Writing unsafe Rust is actually much harder than writing C or C++. C and C++ compilers apply certain optimizations quite conservatively (like anything involving aliasing) because the language doesn't assume a bunch of things like two mutable references never alias. Rust is a lot more aggressive.
If I was asked to rank them in terms of number of things you need to know to write fully correct (no UB) code, I would have: safe Rust < C++ < unsafe Rust
Ok I was going to try to be pedantic and say that if you could only use unsafe pointer operations, the aliasing issues don't apply. But the first example I tried to put together failed Miri, cause I was creating temporary &mut references to cast to *mut. So yeah...egg on face. Edited.
Rust (and, for that matter, C++ compilers) have always applied optimizations that rely on alias analysis. What I assume this thread is referring to is the noalias LLVM attribute on &mut function parameters. Rust now applies this.
Writing a doubly linked list is trivial if you use a backing vector and view into it. Which is how you should do it.
Linked lists are awful data structures and just as difficult to implement soundly in a thread safe context everywhere else. Rust just yells at you for doing it wrong.
I reiterate, unless you have a damn good reason, a linked list is an awful data structure.
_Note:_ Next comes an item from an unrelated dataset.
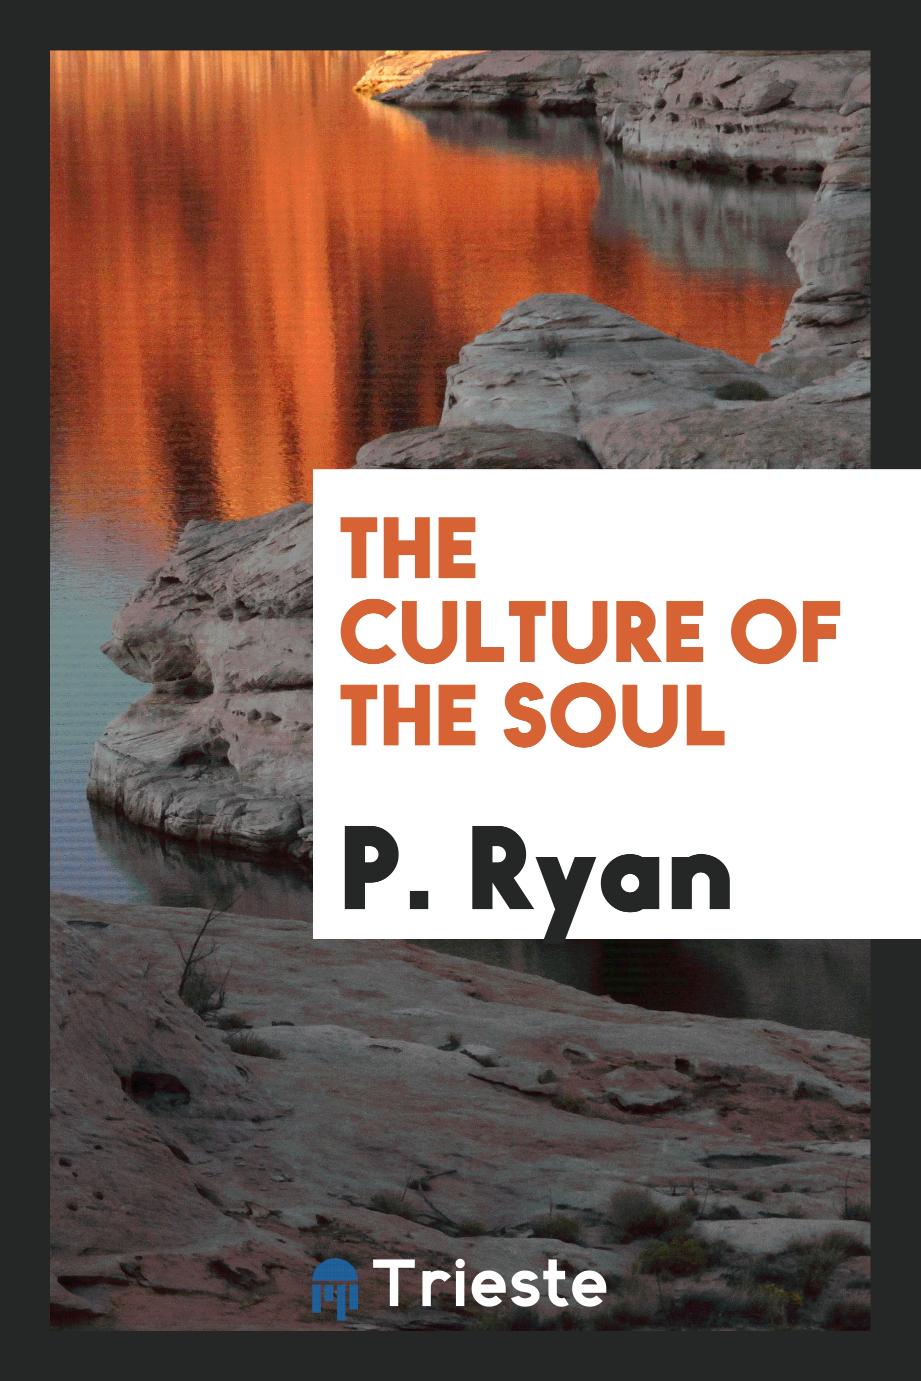 The culture of the soul

They're slow and cumbersome and have no advantages at small or large scales. The cases where you want them are few and far between and not in any undergraduate DSA course or application.
Yes, linked lists are overused in userspace, especially by beginners, but the "linked list bad" meme has gone too far. In particular, intrusive linked lists are commonly used in game engines and, oh yeah, operating system kernels for reasons ranging from memory efficiency to the ability to cheaply rearrange nodes.
> Linked lists are awful data structures and just as difficult to implement soundly in a thread safe context everywhere else. Rust just yells at you for doing it wrong.
This is a non-sequitur. Vectors and vector-based data structures are just as thread unsafe as basic linked lists. Furthermore, Rust isn't yelling at you for "doing it wrong". Safe Rust is yelling at you because the type system (by design) does not like cyclic ownership.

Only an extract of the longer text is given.